*SOURCE DATA*.

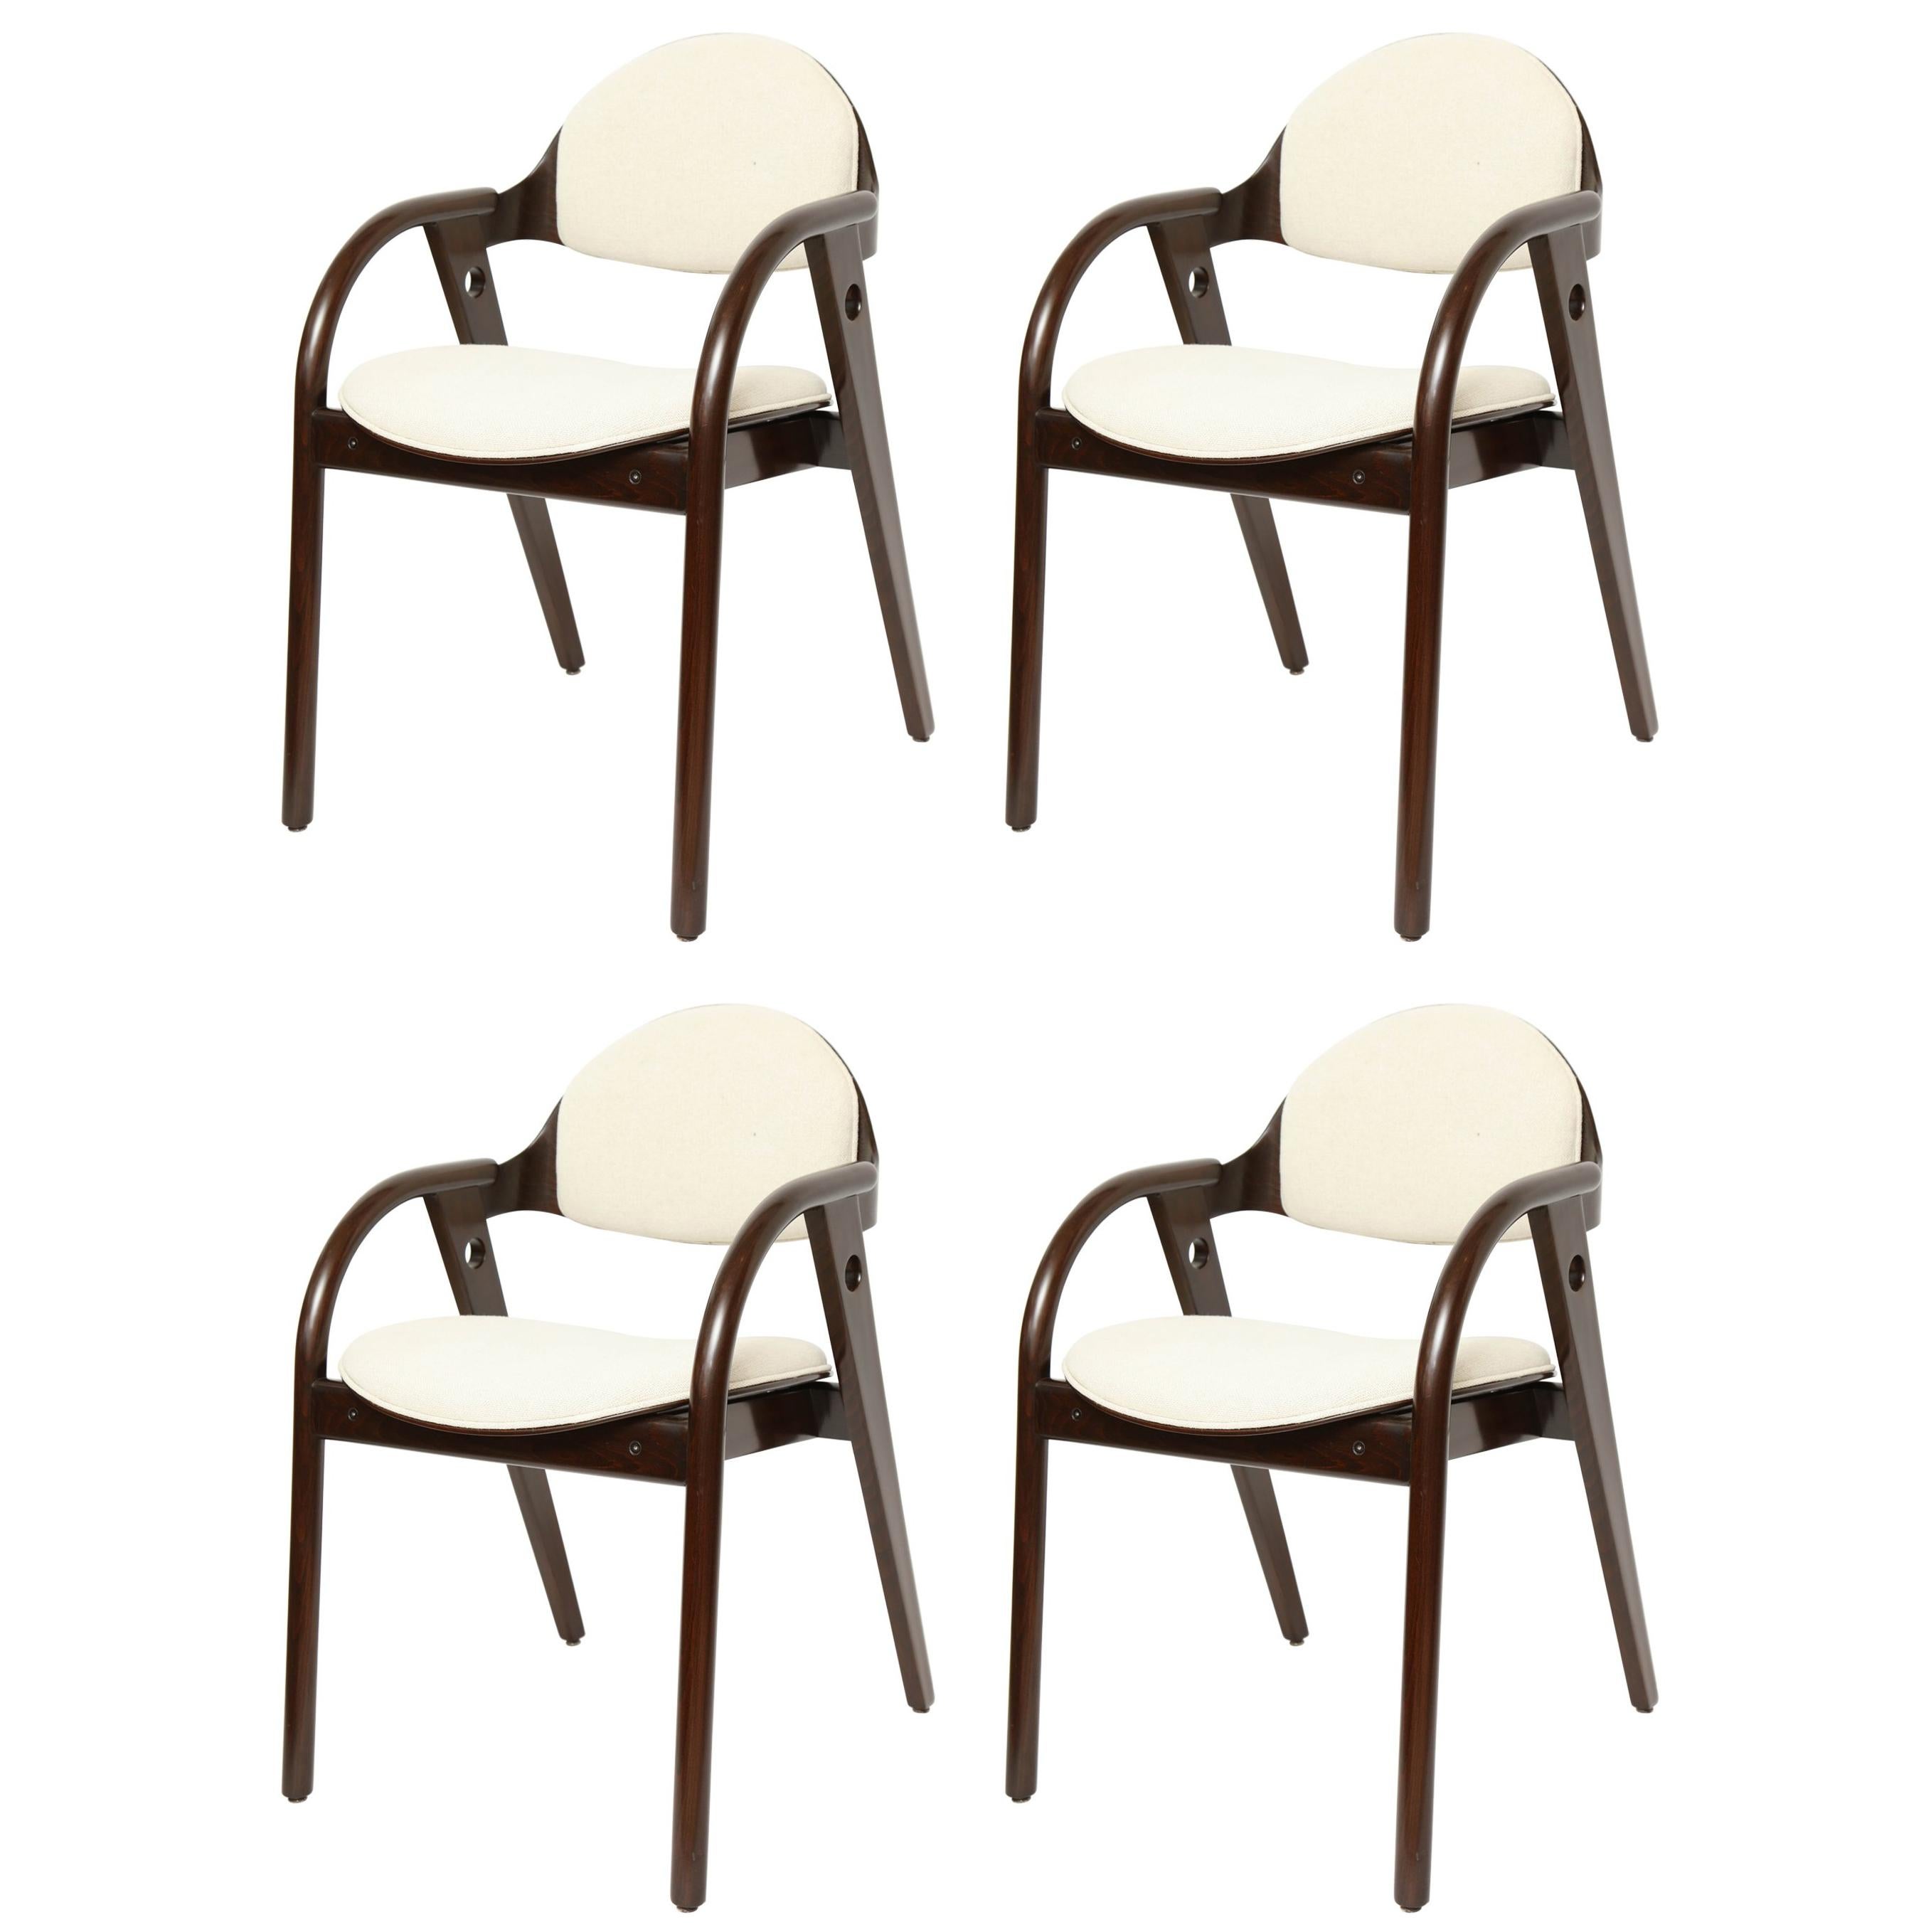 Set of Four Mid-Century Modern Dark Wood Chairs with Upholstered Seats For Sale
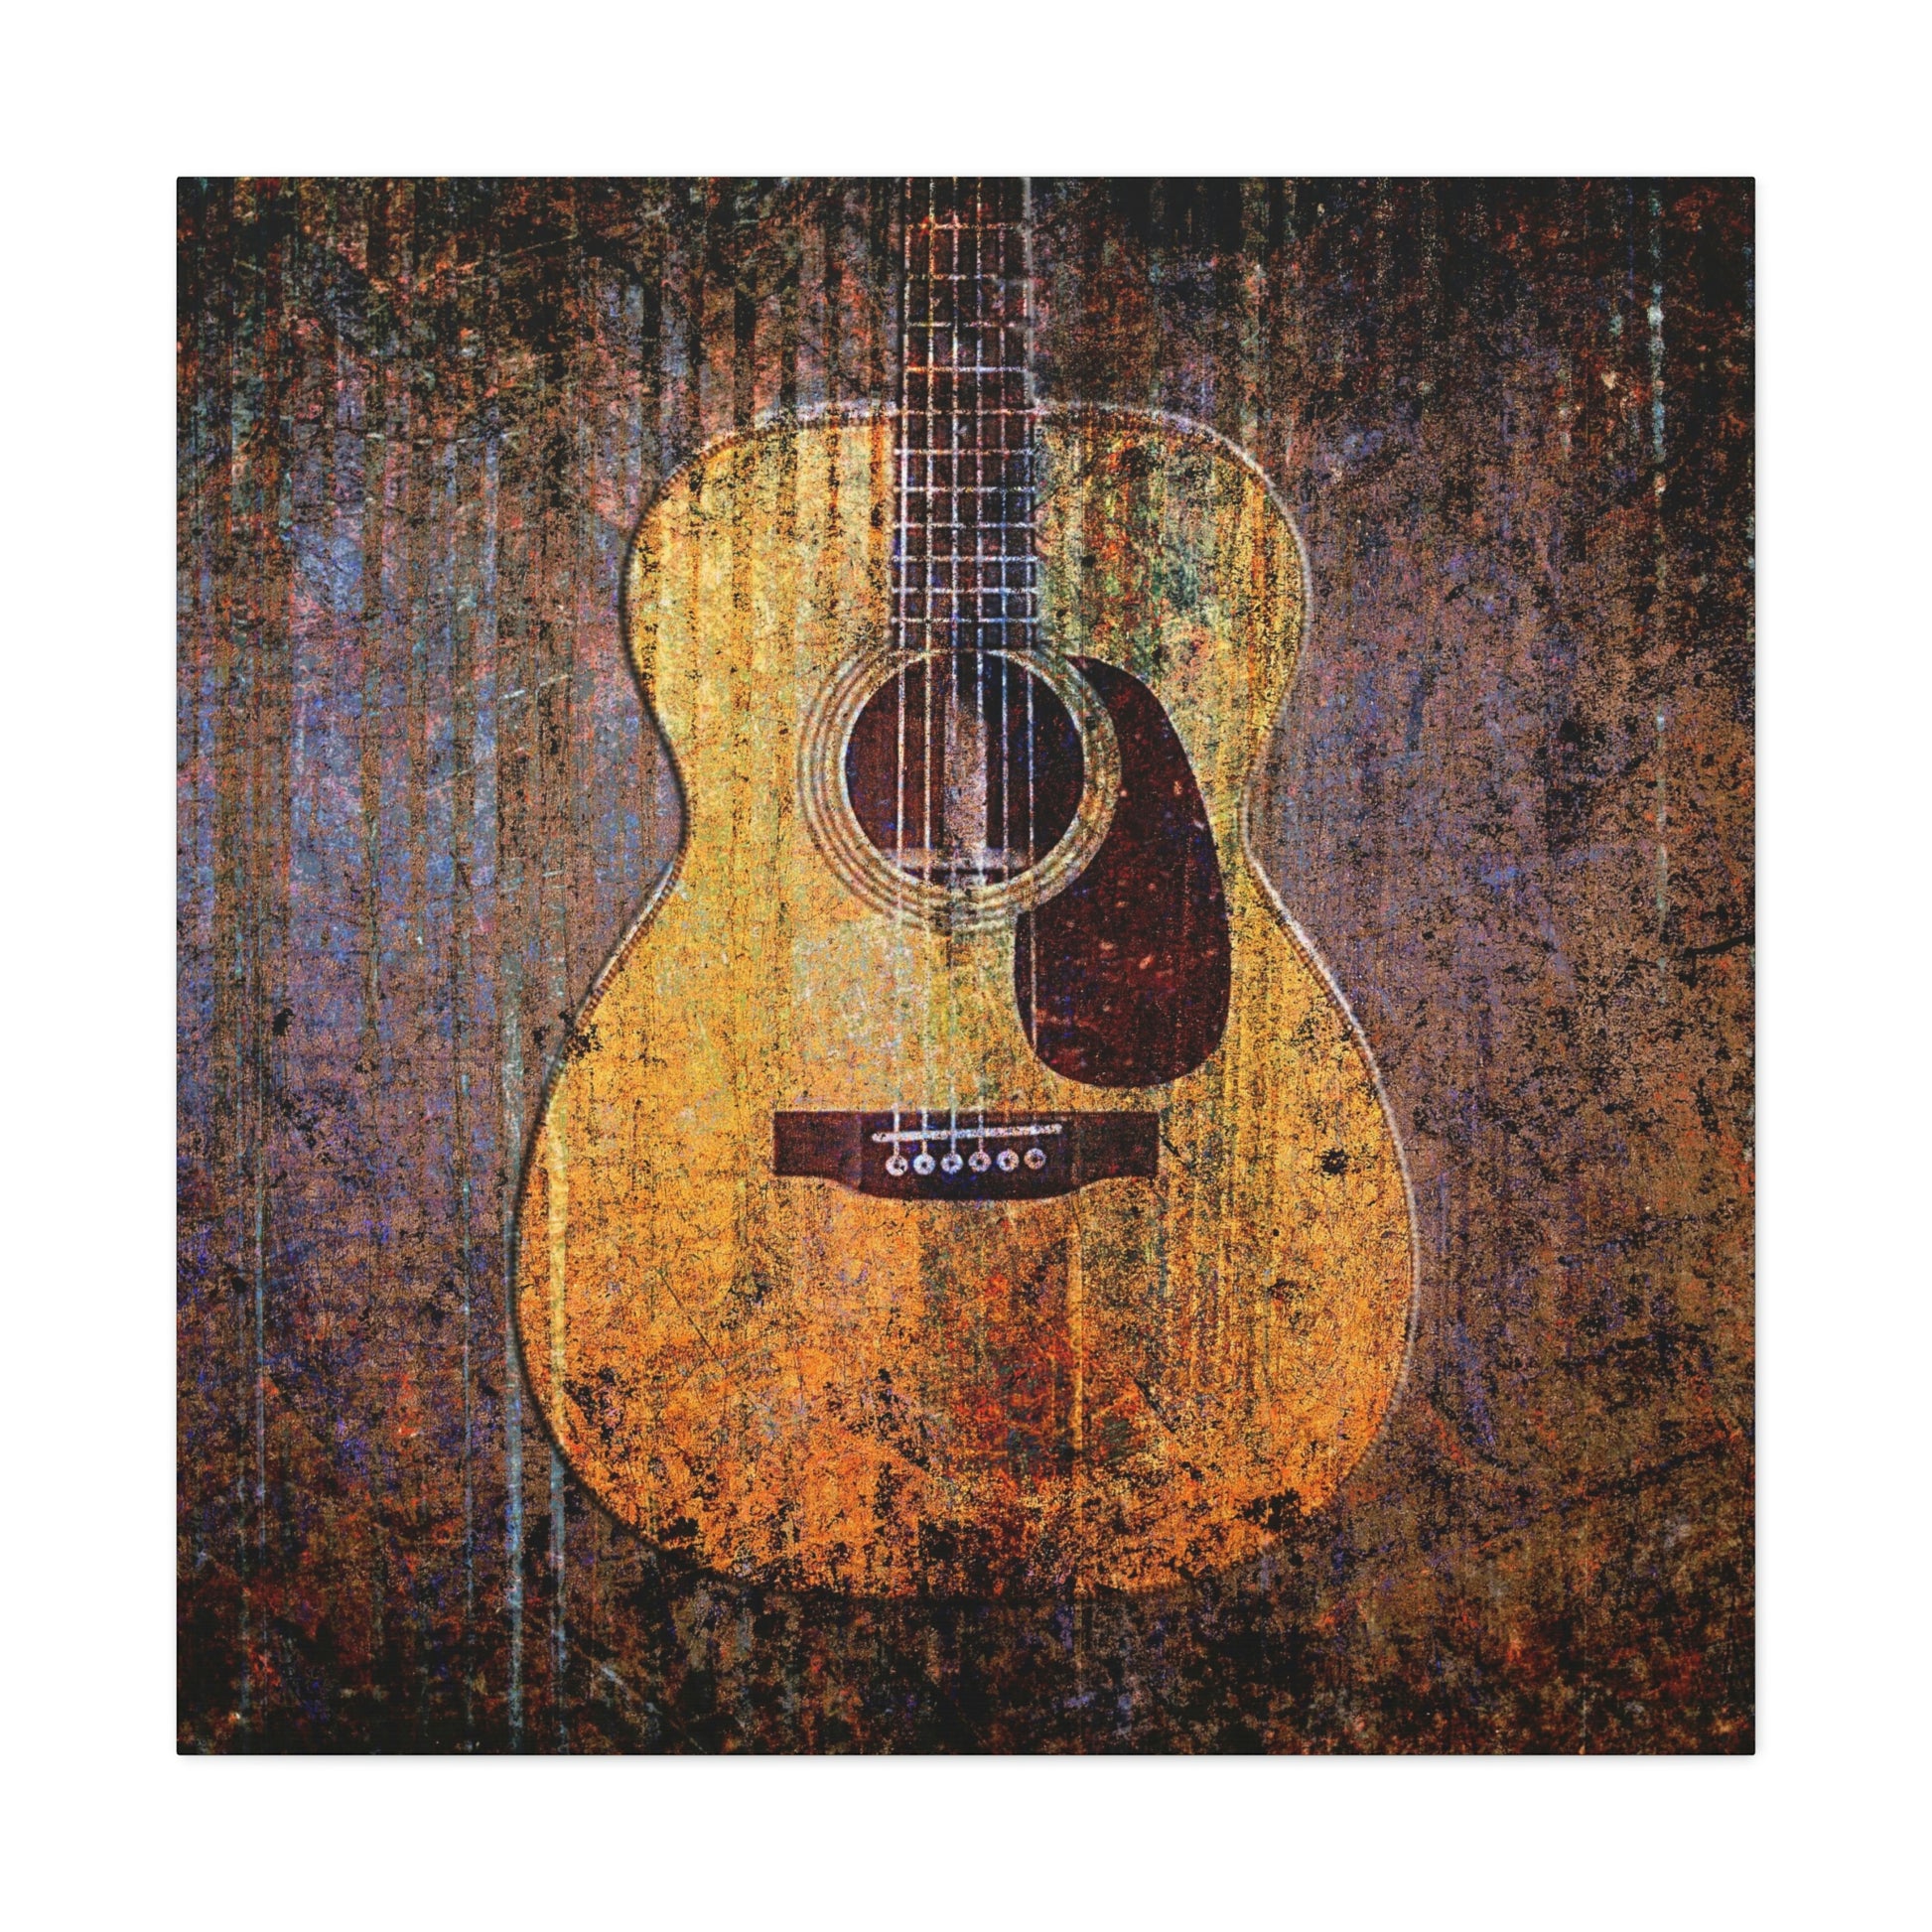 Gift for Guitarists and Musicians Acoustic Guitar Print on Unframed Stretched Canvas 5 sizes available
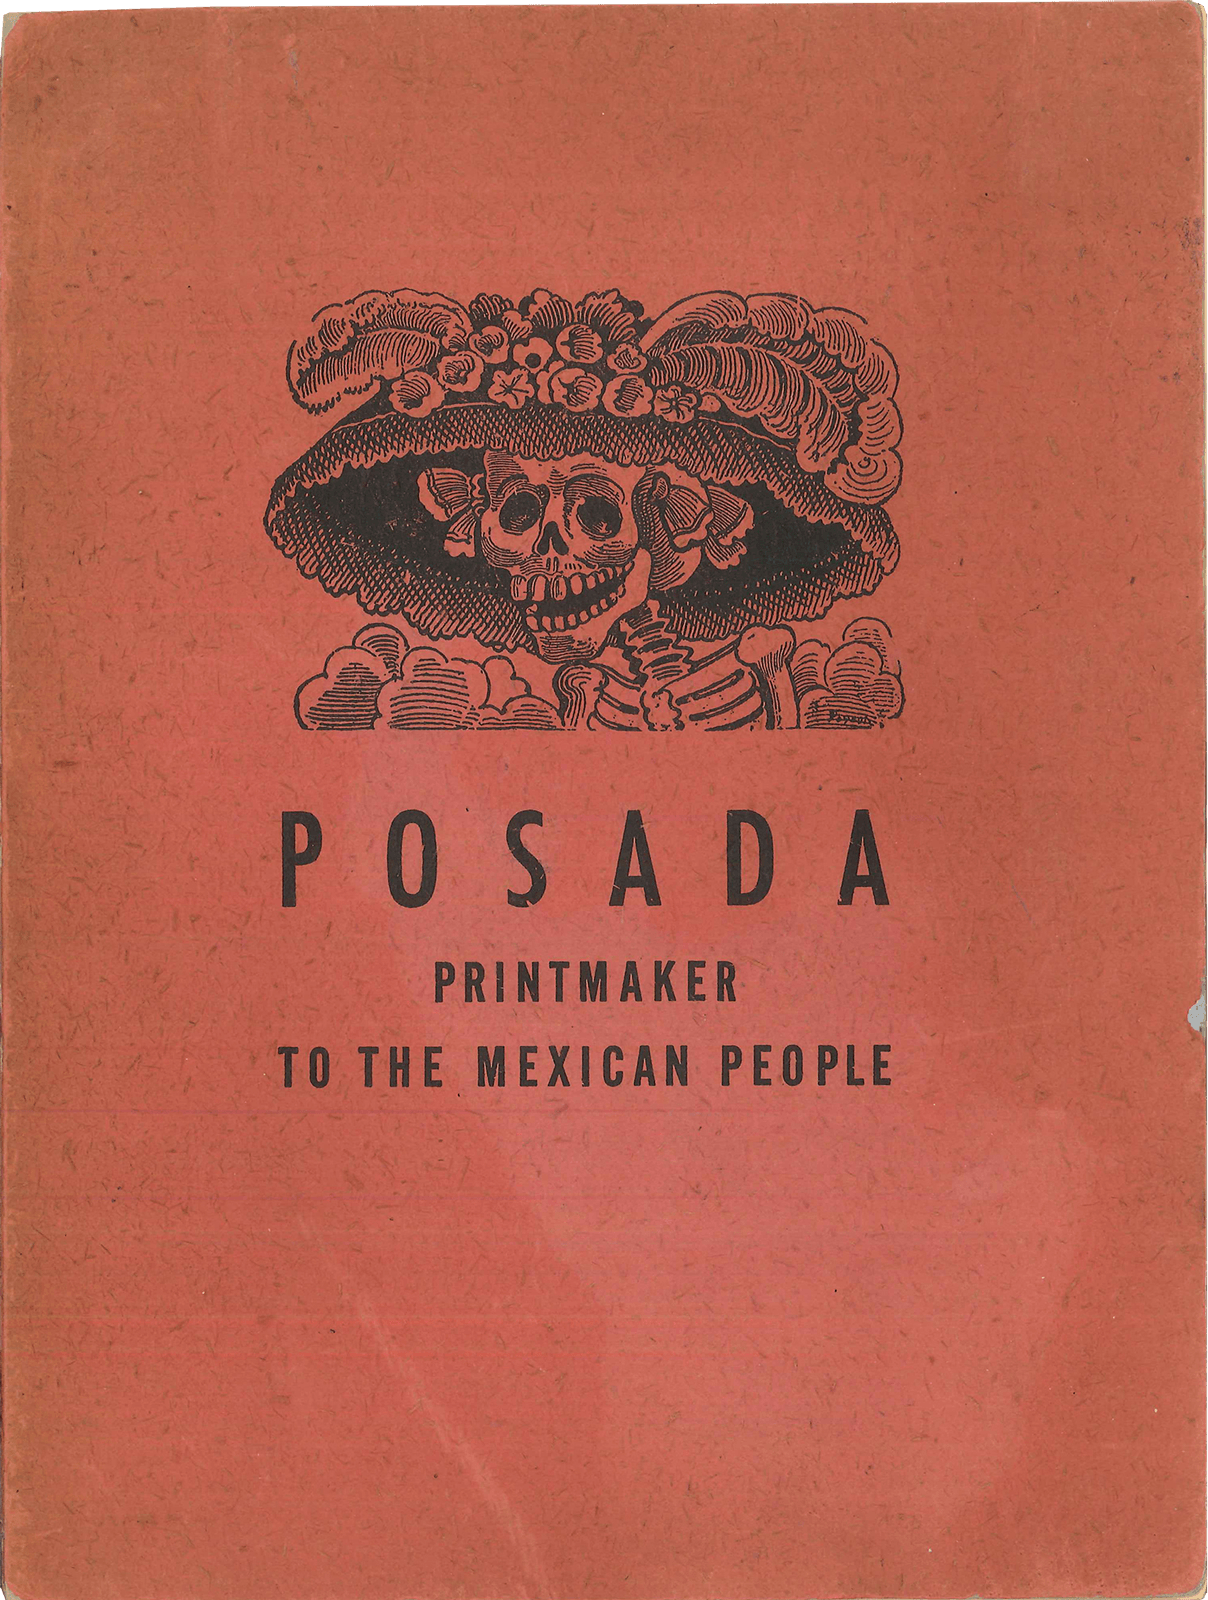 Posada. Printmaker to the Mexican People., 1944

*TASK INSTRUCTIONS*. Every line from the one holding "Gift for Guitarists" through the final line of the data above is to be reproduced exactly, both ends included, with the pictures left out.

*REPLY*.
 Gift for Guitarists and Musicians Acoustic Guitar Print on Unframed Stretched Canvas 5 sizes available
 Posada. Printmaker to the Mexican People., 1944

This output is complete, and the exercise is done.